Fractographic analysis showed similar fracture patterns for the examined specimens of all the tested crowns. The fracture origin was located away from the loading site, in the tensile zone (inner surface of the crowns), and the direction of crack propagation was outwards; this could be explained by the transverse expansion that occurs in the abutment material owing to the Poisson effect when the crown was subjected to occlusal loading. The Poisson ratio of epoxy (0.31 μ) is similar to that of dentin (0.3 μ) [21]; therefore, the degree of bulging of the epoxy model was expected to be similar to dentin during mastication when subjected to the same occlusal load. The bulging causes the development of hoop stress that causes the fracture [41]. They also showed twist hackles which are formed due to a new stress direction, having the appearance of lances where the small hackle lines merge, as well as arrest lines.

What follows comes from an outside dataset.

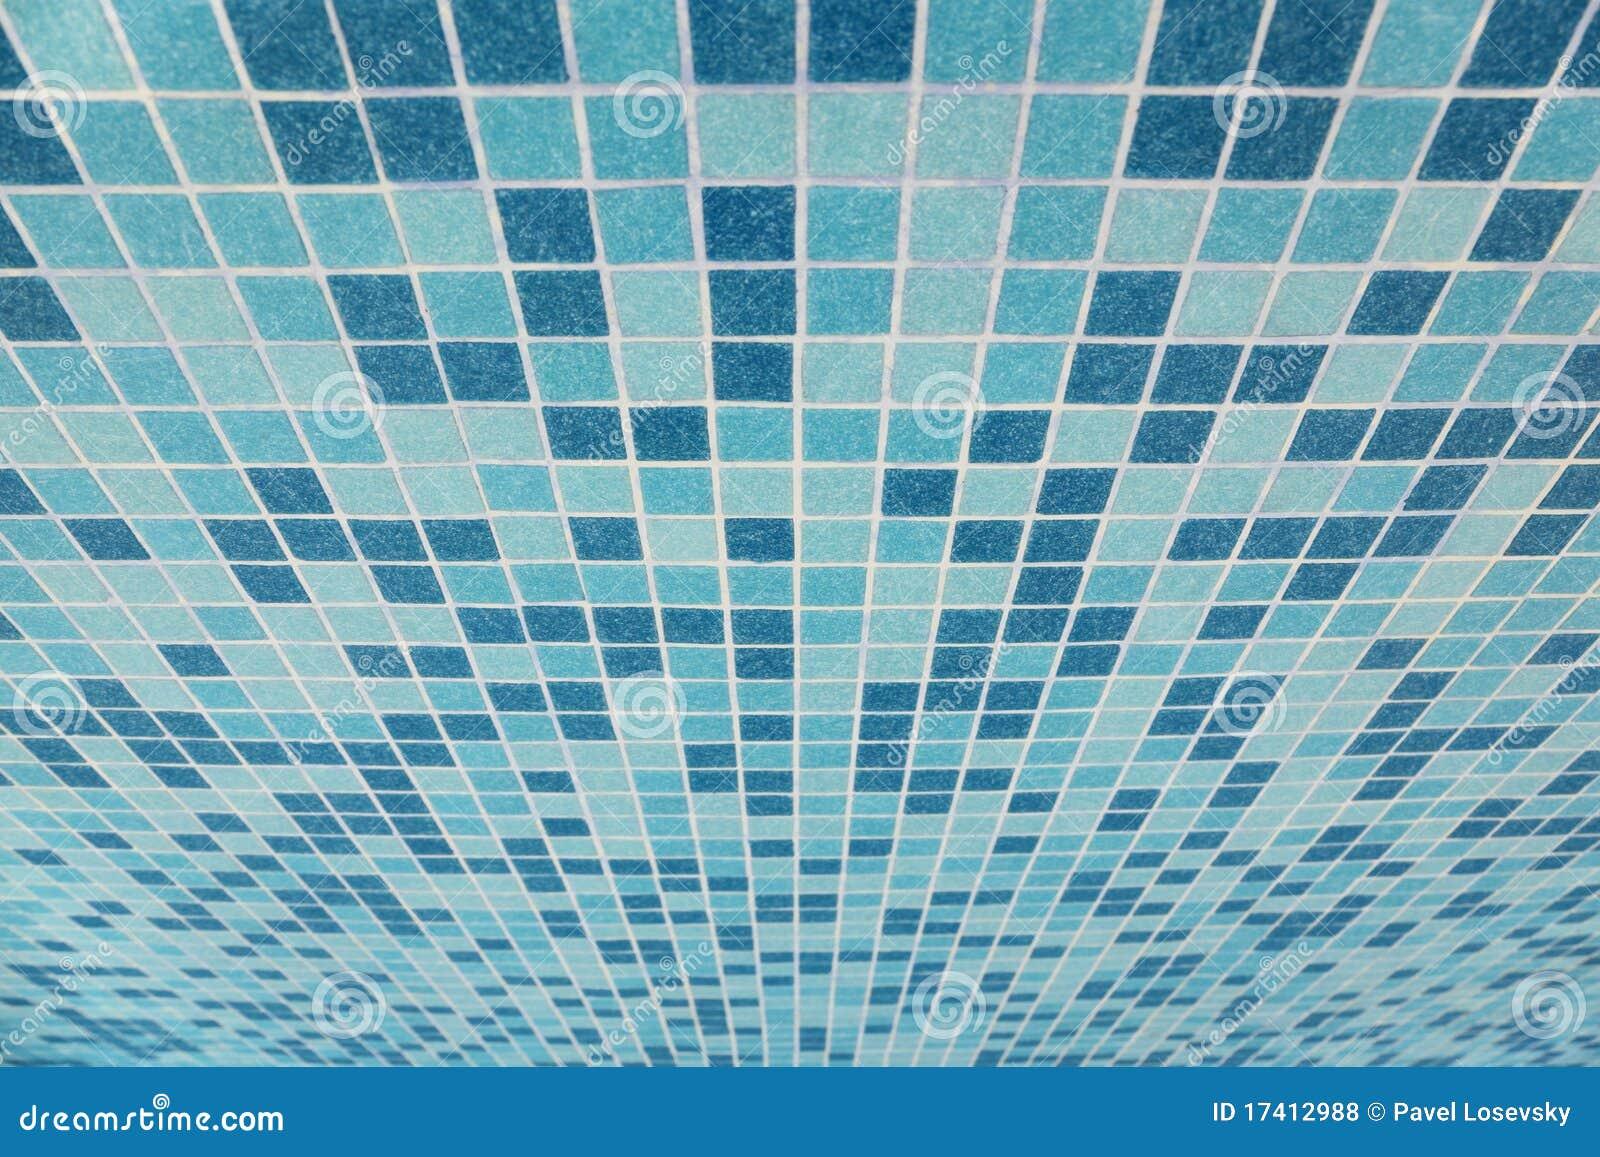 bad deckte beschaffenheit mit blauen quadraten mit ziegeln, Hause ideen
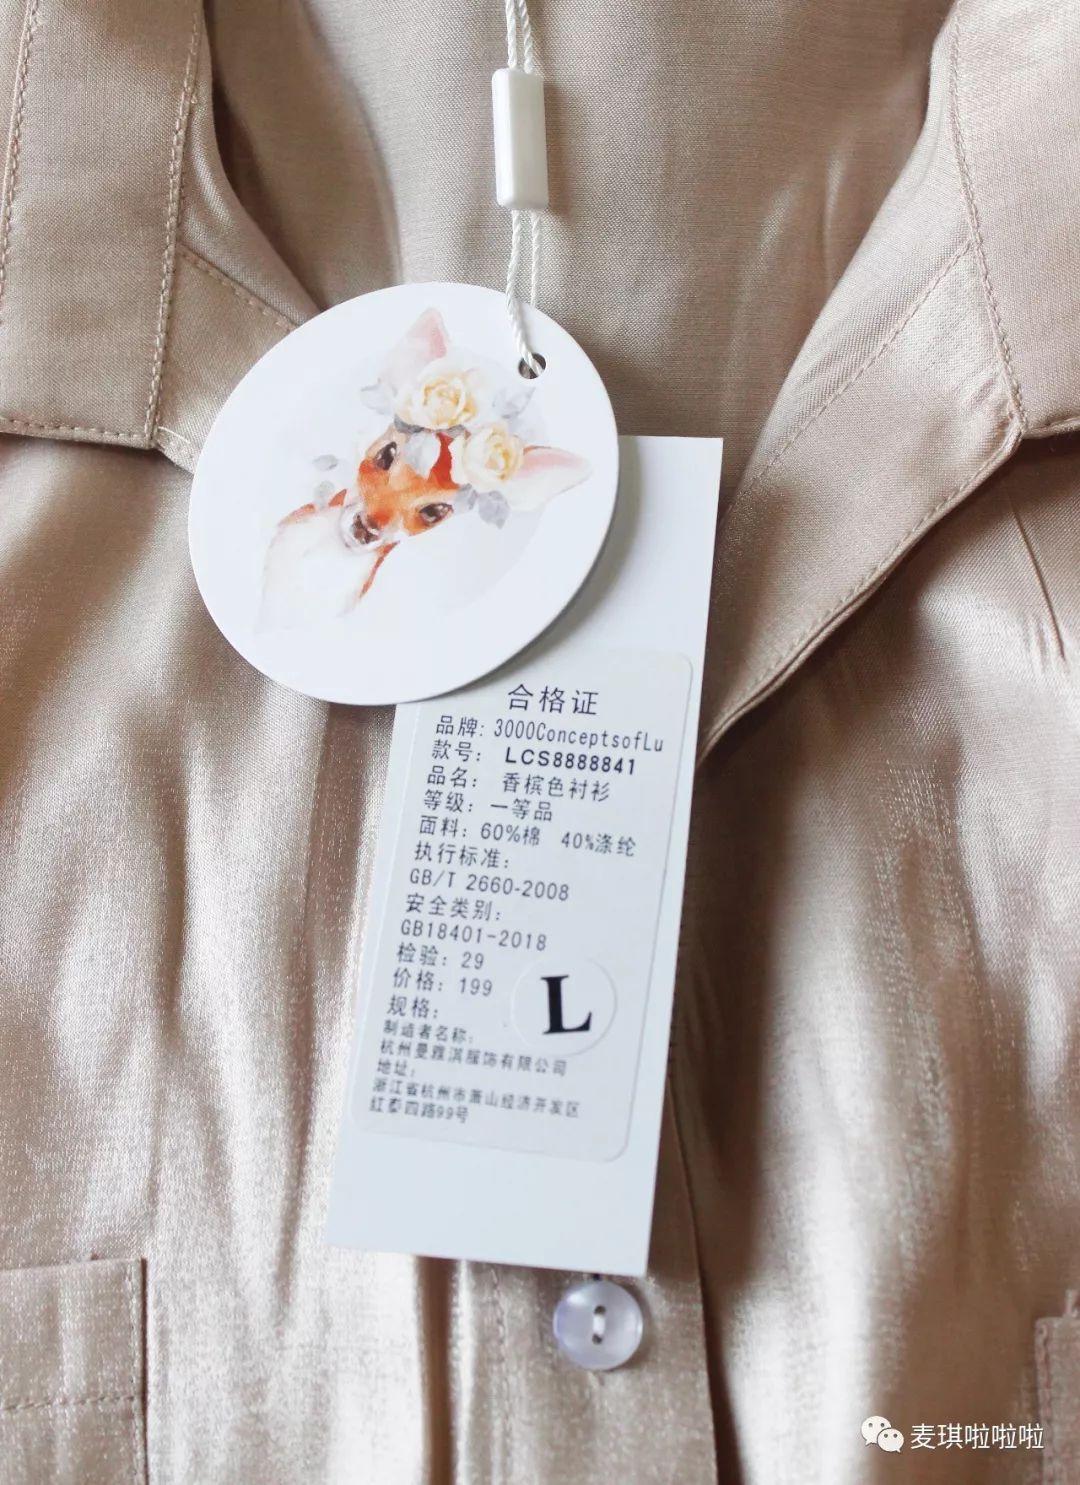 李小璐淘宝店铺(揭晓李小璐淘店服装内幕)

Among the limitations of this study is the use of abutments with no mobility; the dynamic load was vertical with no chewing cycles and in the clinical situation; the crown’s design may vary according to the patient. Additionally, the effects of other environmental factors, such as saliva, or the effects of different kinds of beverages and pH fluctuation were not taken into consideration in the present study.

Conclusion

Among the limitations of this in-vitro study, it could be concluded that

  1. 1.

    Zirconia crowns fabricated by the 3D-printing technique can withstand chewing forces for over 4 years (1.2 million cycles).

  2. 2.

    The fracture resistance of these crowns will decrease during function in the oral cavity but is still higher than the masticatory forces (450–520 N).

  3. 3.

    The fracture resistance of the printed crowns is lower than that of the milled crowns but is still higher than the masticatory forces (450–520 N).